Estoril e Cina sono due sfumature di blu esistenti, ma poco conosciute. Confonderle dovrebbe essere impossibile, eppure sappiamo che per qualcuno non è così…

Negli ultimi giorni gli italiani si sono dovuti confrontare con uno dei più grandi misteri della storia dell’umanità:

qual è la differenza fra il blu Estoril e il blu Cina

Mistero che oggi la vostra esploratrice risolverà una volta per tutte…

Scherzi a parte, oggi ho deciso di parlarti di queste due particolari sfumature di blu, per tutte le altre ti rimando a questo articolo👉 Tonalità di Blu: nomi, significati e curiosità

Partiamo dal meno conosciuto: blu Estoril.

📝 Indice

Cos'è il blu Estoril?

Estoril (che si pronuncia sturìu) è una località costiera del Portogallo, a metà strada fra Sintra e la capitale Lisbona. Grazie alla sua posizione strategica sul mare, popoli come Fenici, Romani e Arabi la scelsero come avamposto, ma nel corso della Storia questo la rese anche vulnerabile all’attacco di pirati e corsari.

Fino al 1910 Estoril era considerata un piccolo centro di pescatori. Il tuo assetto cambiò radicalmente in seguito alla costruzione di una serie di hotel di lusso e di un Casinò, che nel corso del ‘900 la trasformarono nella destinazione preferita da numerose famiglie reali e celebrità internazionali rendendola ad oggi una delle città più costose di tutta la penisola Iberica.

Torniamo al nostro blu Estoril: cos’è?

Il blu a Estoril lo troviamo presente nello stemma della città: uno scudo blu con sole oro al centro. Questi stessi colori furono ripresi successivamente anche nella divisa della squadra di calcio locale: l’Estoril Praia.

Blu Estoril stemma Portogallo

Ammetto che ho tentato di scoprire l’origine dei colori di questo stemma, ma ahimè non ho trovato risposte soddisfacenti. C’è chi dice che il blu rappresenti il colore dell’Oceano e, per quanto non faccia una piega, credo sia un’interpretazione un po’ affrettata. Per capire l’origine del suo stemma e dei suoi colori bisognerebbe indagare in maniera più approfondita la sua storia e quella delle varie casate che hanno posseduto questi territori.

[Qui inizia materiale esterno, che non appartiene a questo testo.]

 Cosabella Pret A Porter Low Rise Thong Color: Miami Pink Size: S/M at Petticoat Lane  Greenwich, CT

Torniamo ai tempi moderni.

Anche se questa sfumatura blu era ben nota in Portogallo, è nel 1992 che la sua fama si espande a livello mondiale. In quell’anno infatti, la casa automobilistica tedesca BMW decide di includere nel suo catalogo un nuovo colore metallizzato: l’Estoril Blau. Questa sfumatura ottenne così tanto successo che da quel momento il blu Estoril venne associato alle automobili di questo marchio e per estensione divenne sinonimo di lusso.

BMW estoril

Cos'è il blu Cina?

Tutt’altra storia per il blu Cina (o China), colore molto più antico e curioso. Per scoprirla dobbiamo spostarci dall’altra parte del mondo, nella Cina orientale. Fu proprio in questa zona che il nostro blu fece la sua comparsa verso la fine del 1200 d.C.

Durante la dinastia degli Yuan (gli stessi che resero celebre il verde Celadon) e soprattutto durante la dinastia dei Ming, si sviluppò una nuova tecnica decorativa: la porcellana bianca e blu. Si tratta di una raffinata tecnica di decorazione su ceramica bianca, decorata con un pigmento blu brillante, di solito derivato dall’ossido di cobalto.

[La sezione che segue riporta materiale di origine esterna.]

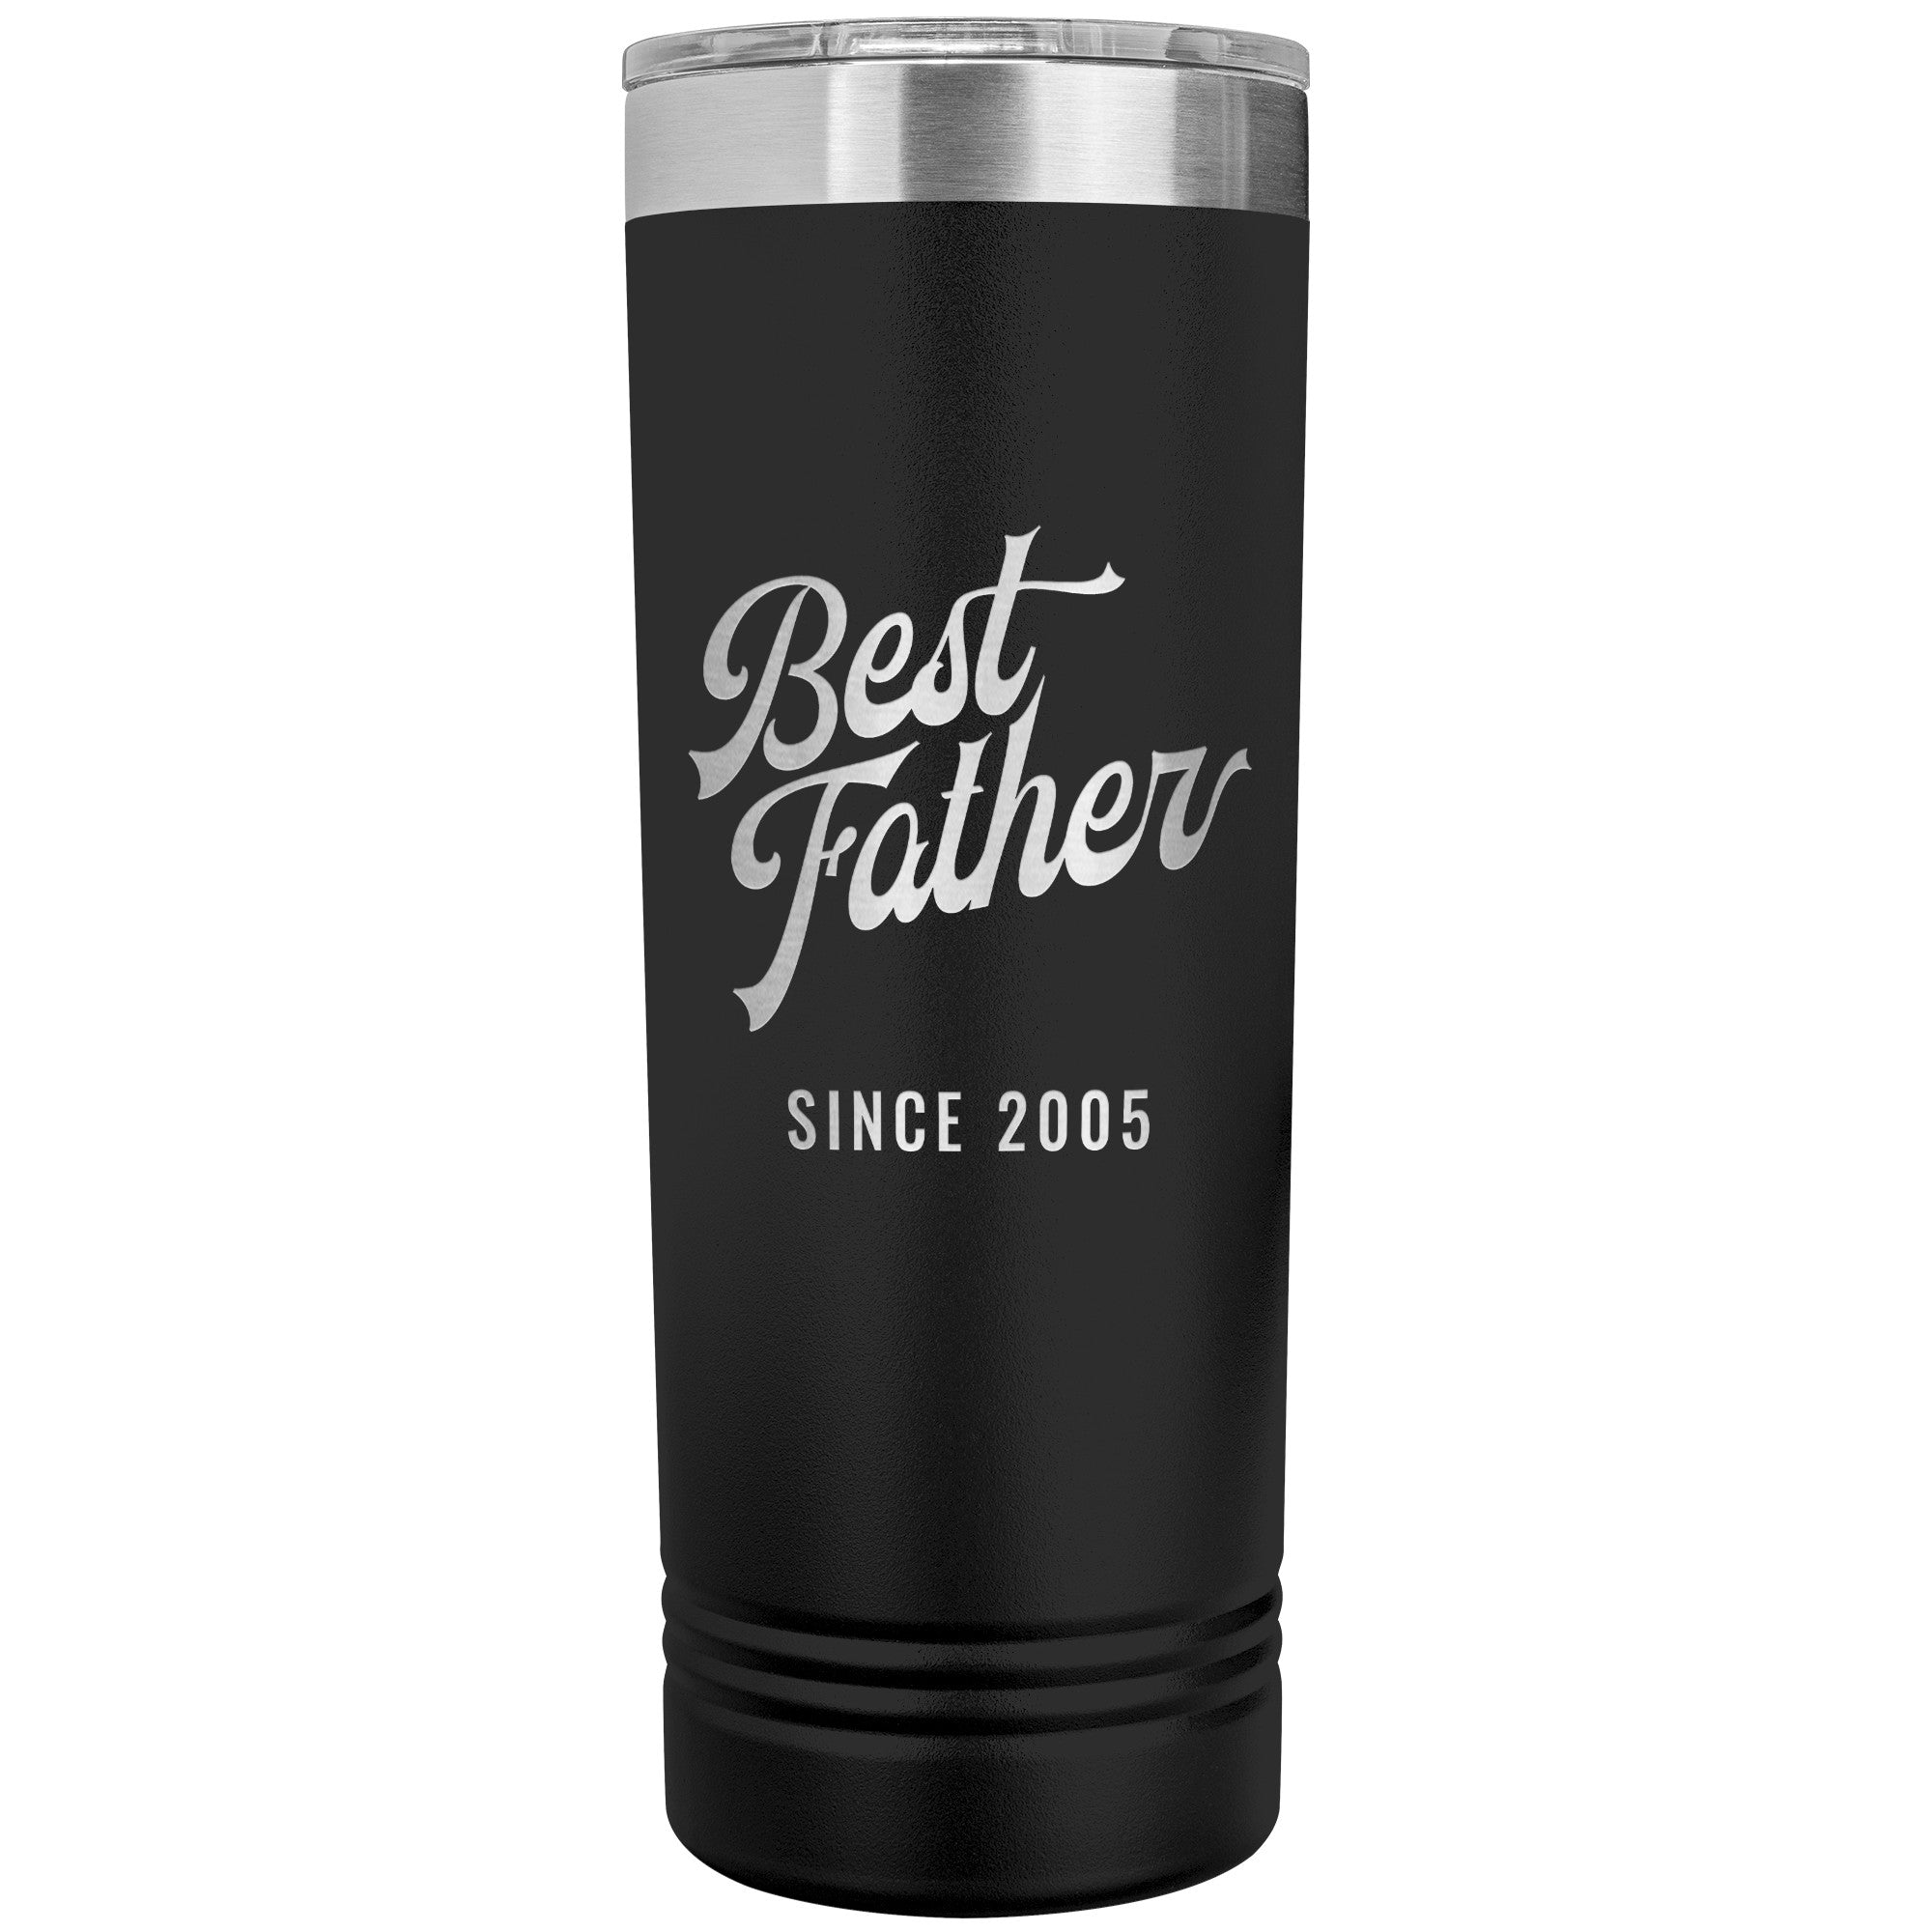 Best Father Since 2005 - 22oz Insulated Skinny Tumbler

I disegni delle decorazioni cambiarono molte volte durante i secoli, seguendo stili e mode differenti, ma il pregio di queste ceramiche rimase inalterato, tanto da essere esportate in tutto il mondo, anche in luoghi che possedevano già una florida arte decorativa come: Iran, Turchia, Indonesia, Giappone e naturalmente in Europa. In Europa le ceramiche in blu Cina erano molto ricercate dall’aristocrazia, che pagavano pezzi folli pur di arricchire le proprie collezioni, questo finché non subentrarono le ceramiche blu e bianche di Delft (Olanda) altrettanto belle ma, più economiche.

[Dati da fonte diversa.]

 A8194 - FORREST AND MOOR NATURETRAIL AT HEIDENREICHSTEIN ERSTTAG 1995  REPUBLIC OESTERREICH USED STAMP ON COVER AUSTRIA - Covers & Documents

Differenza fra blu Estoril e blu Cina

Come hai potuto vedere esploratore, la differenza fra blu Estoril e blu Cina è abissale, non solo da un punto di vista storico, ma anche cromatico. Il blu Estoril infatti è una gradazione di blu più tenue e spenta rispetto al blu Cina, che è molto più intenso e luminoso (quindi, la giornalista Viviana Guglielmi aveva ragione).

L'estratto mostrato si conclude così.